Aim of the exercise: When you transcribe the lines below, keep every word the same and leave the pictures behind.
Extracted material: Begin
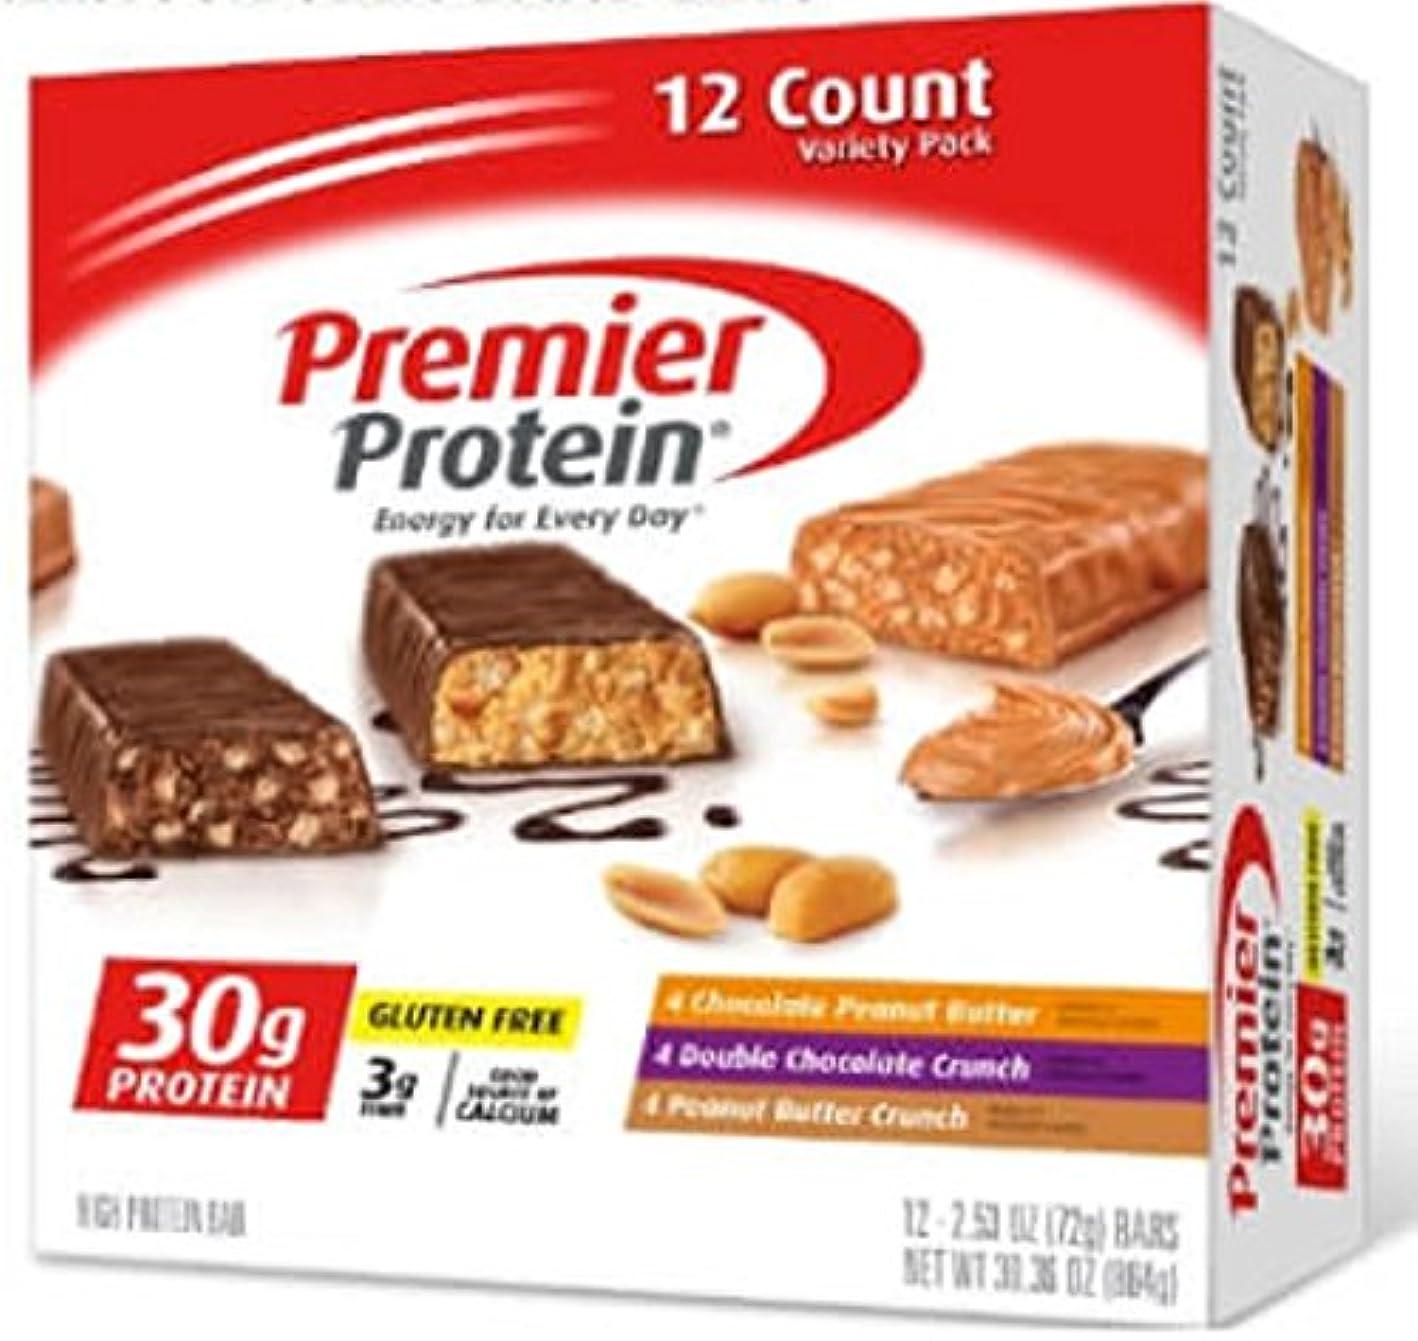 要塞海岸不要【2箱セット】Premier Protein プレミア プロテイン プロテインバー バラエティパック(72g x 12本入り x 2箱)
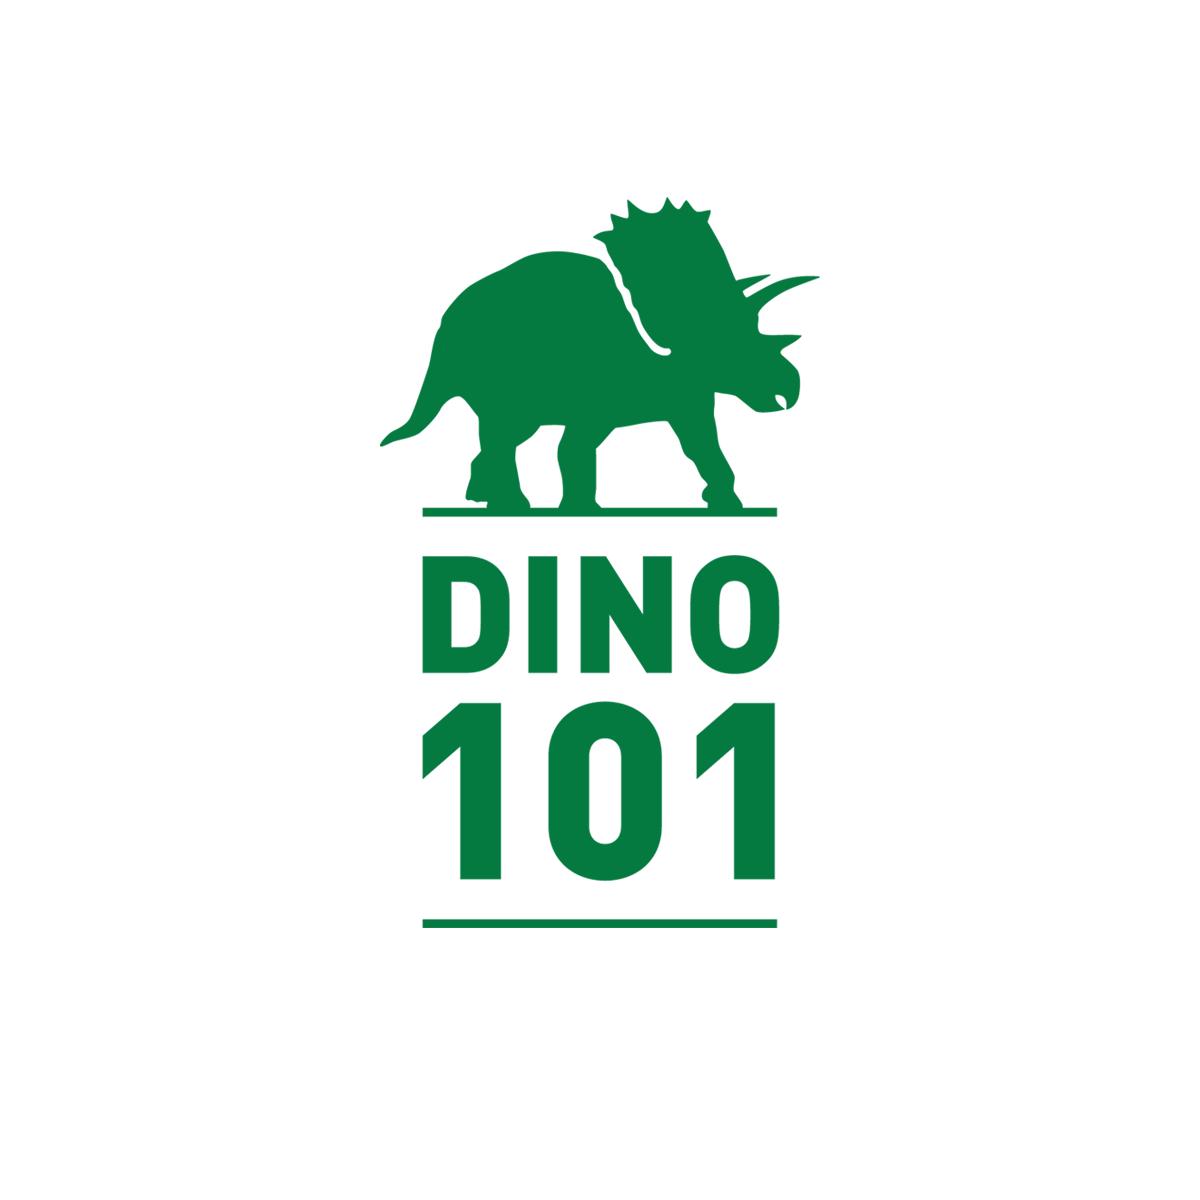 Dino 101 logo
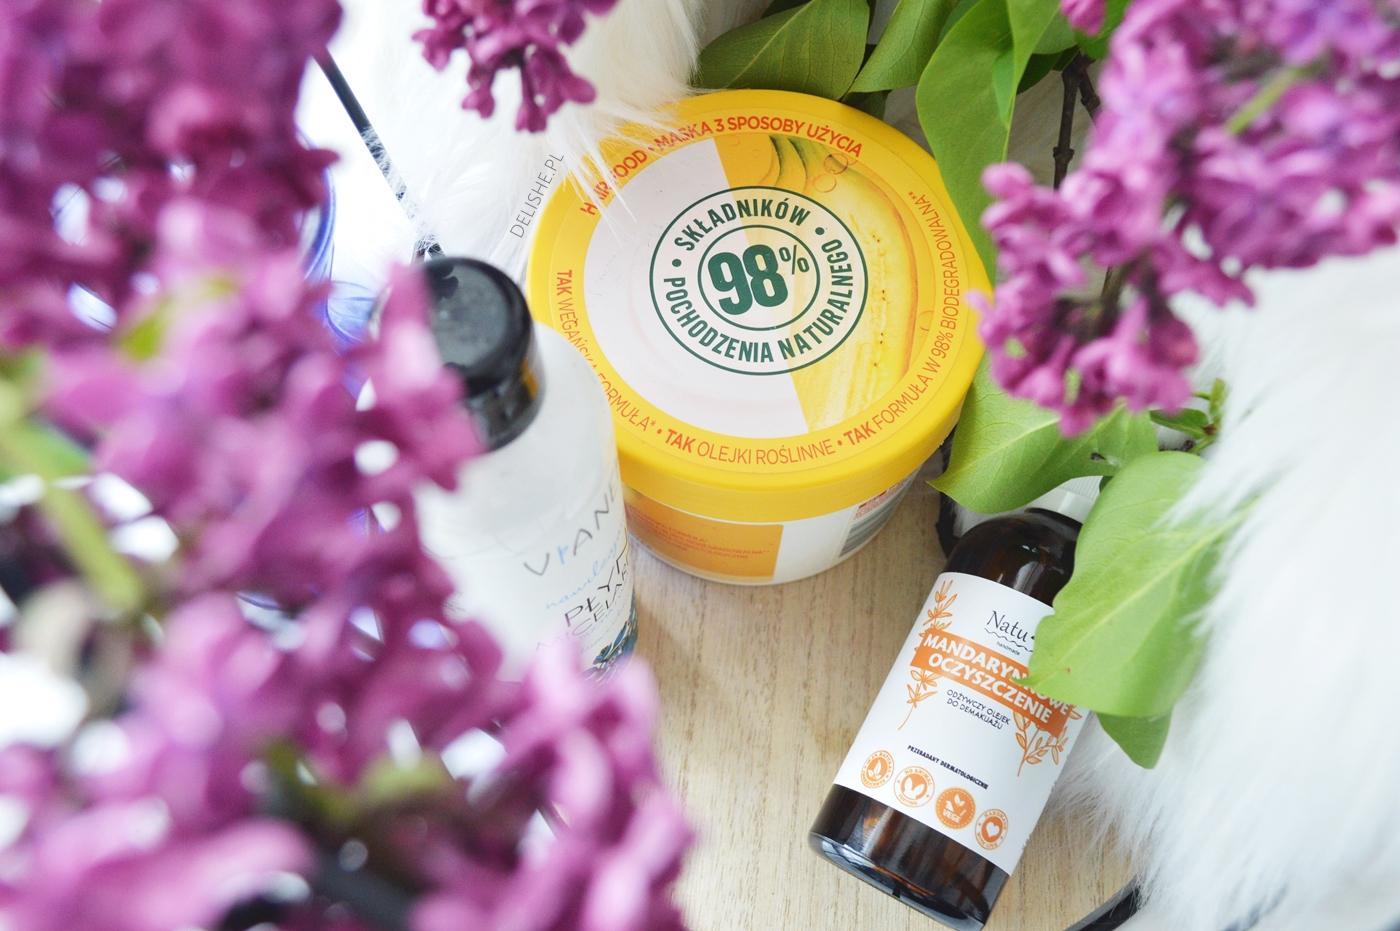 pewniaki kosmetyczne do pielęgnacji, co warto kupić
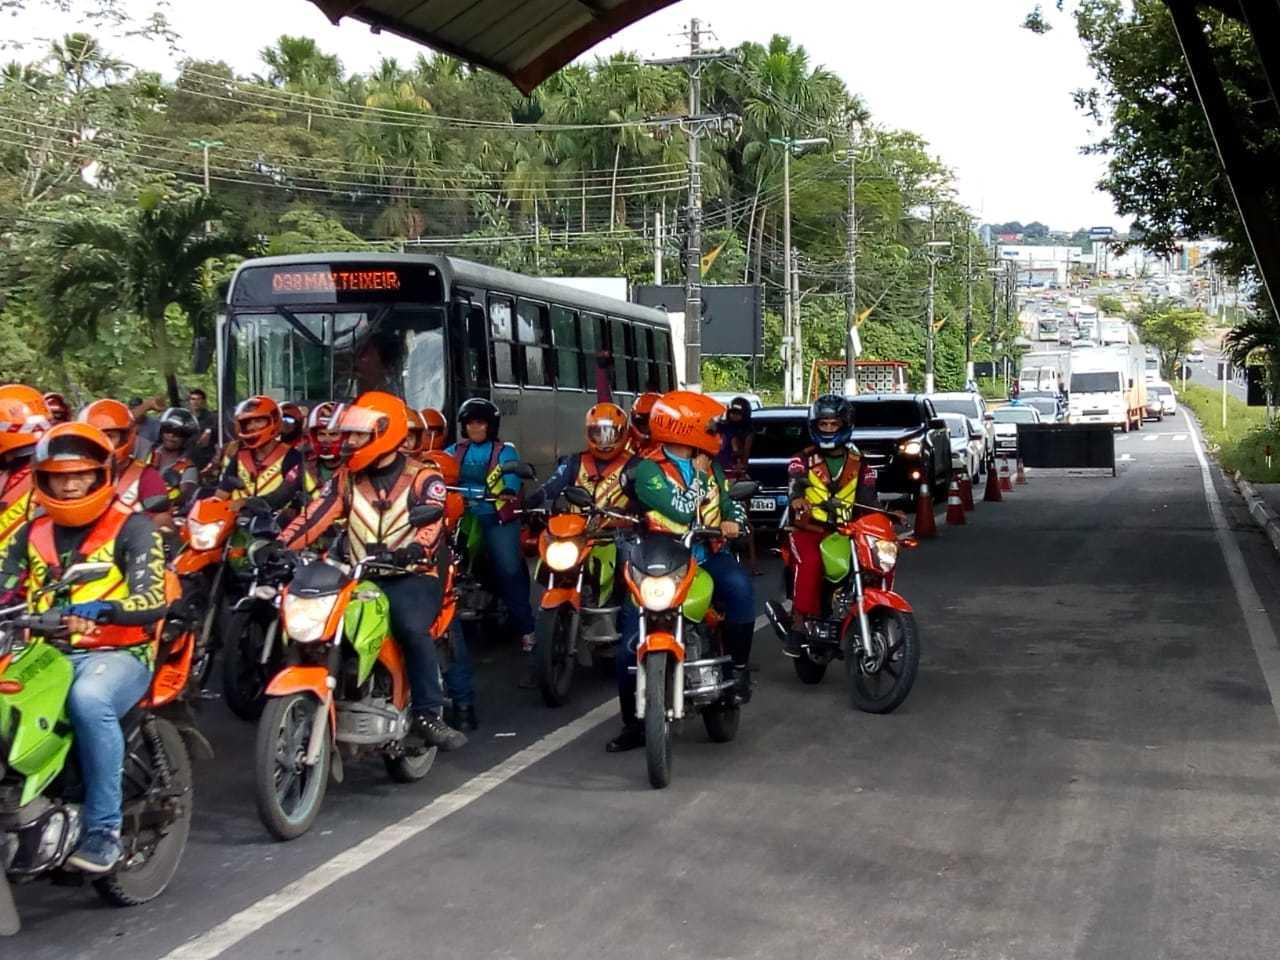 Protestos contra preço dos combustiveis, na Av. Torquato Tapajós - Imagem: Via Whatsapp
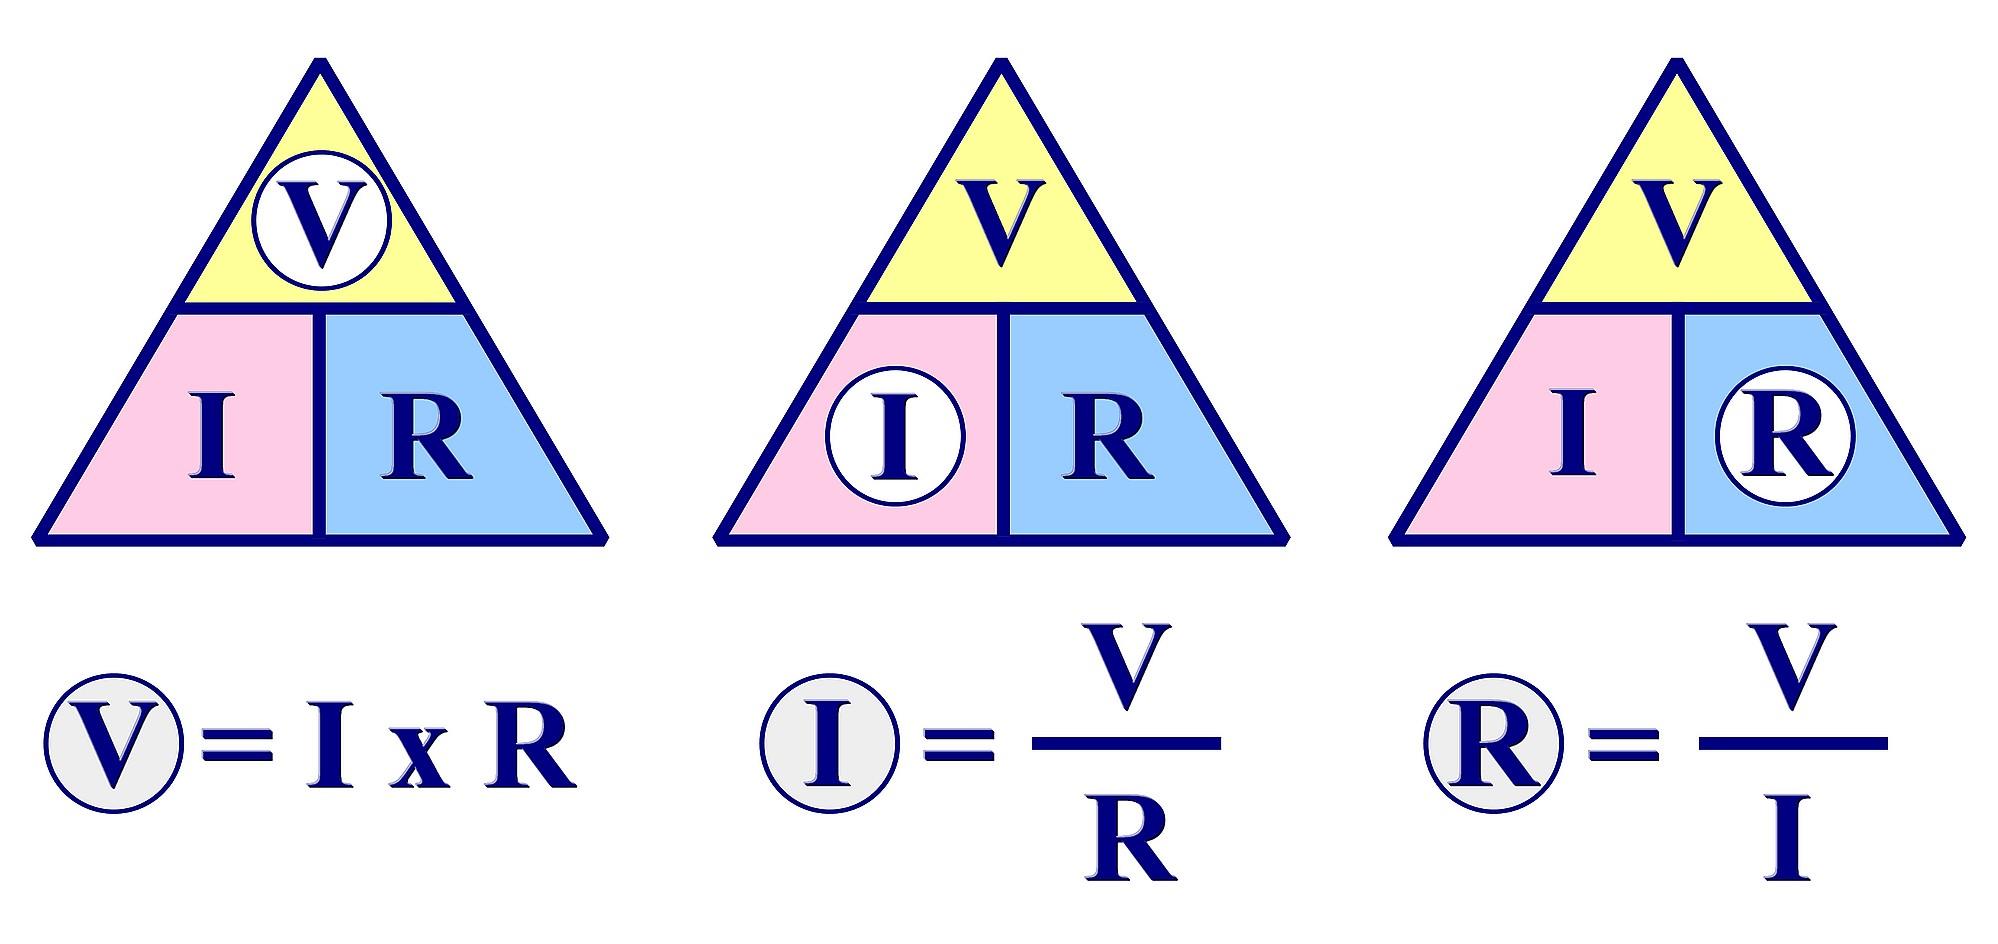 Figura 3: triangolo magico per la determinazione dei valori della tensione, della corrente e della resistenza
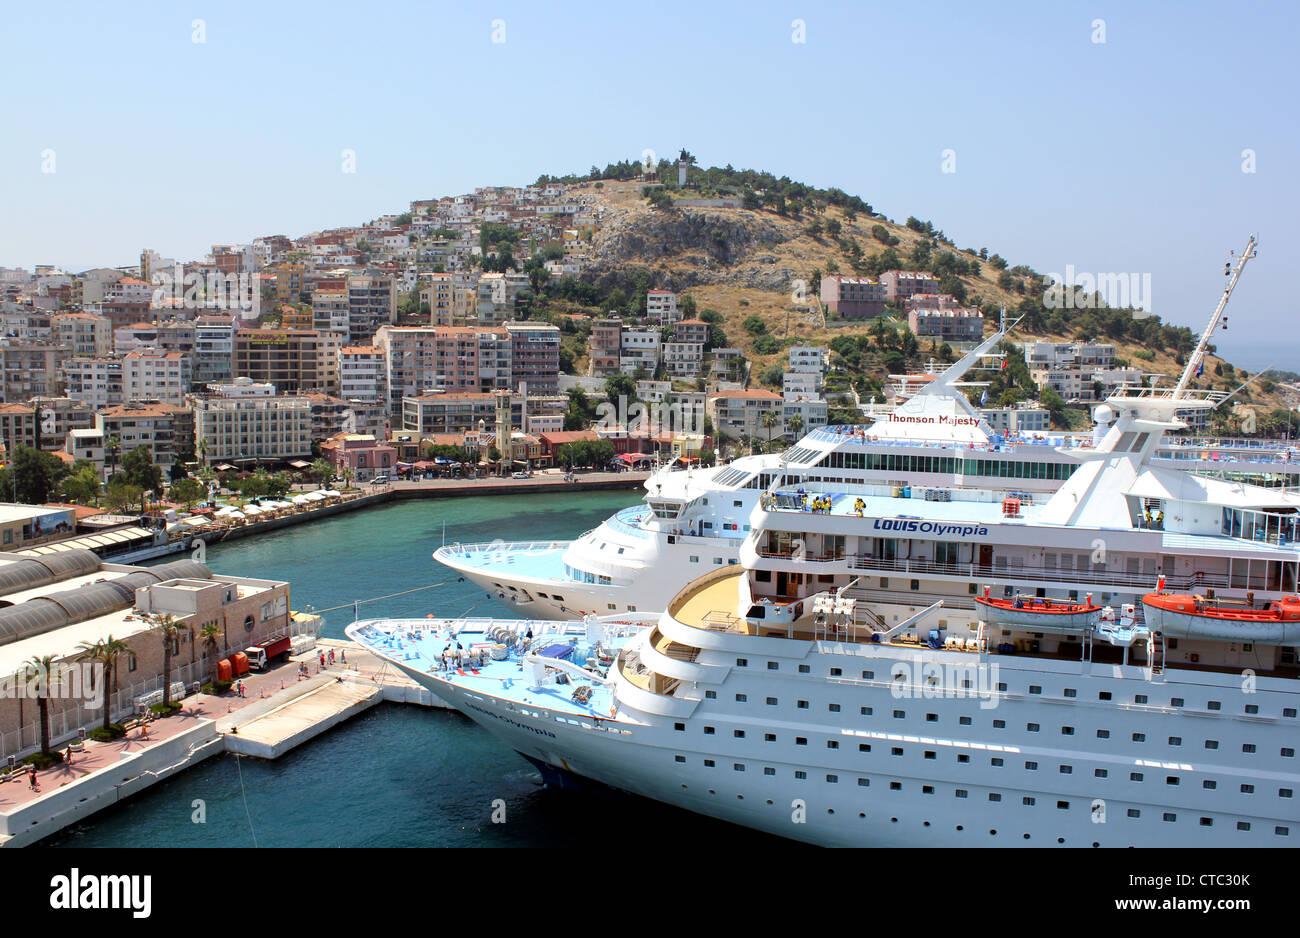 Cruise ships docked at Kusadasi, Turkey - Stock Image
Extracted material: End
Result:
 要塞海岸不要【2箱セット】Premier Protein プレミア プロテイン プロテインバー バラエティパック(72g x 12本入り x 2箱)
 Dino 101 logo
 pewniaki kosmetyczne do pielęgnacji, co warto kupić
 Protestos contra preço dos combustiveis, na Av. Torquato Tapajós - Imagem: Via Whatsapp
 Figura 3: triangolo magico per la determinazione dei valori della tensione, della corrente e della resistenza
 Cruise ships docked at Kusadasi, Turkey - Stock Image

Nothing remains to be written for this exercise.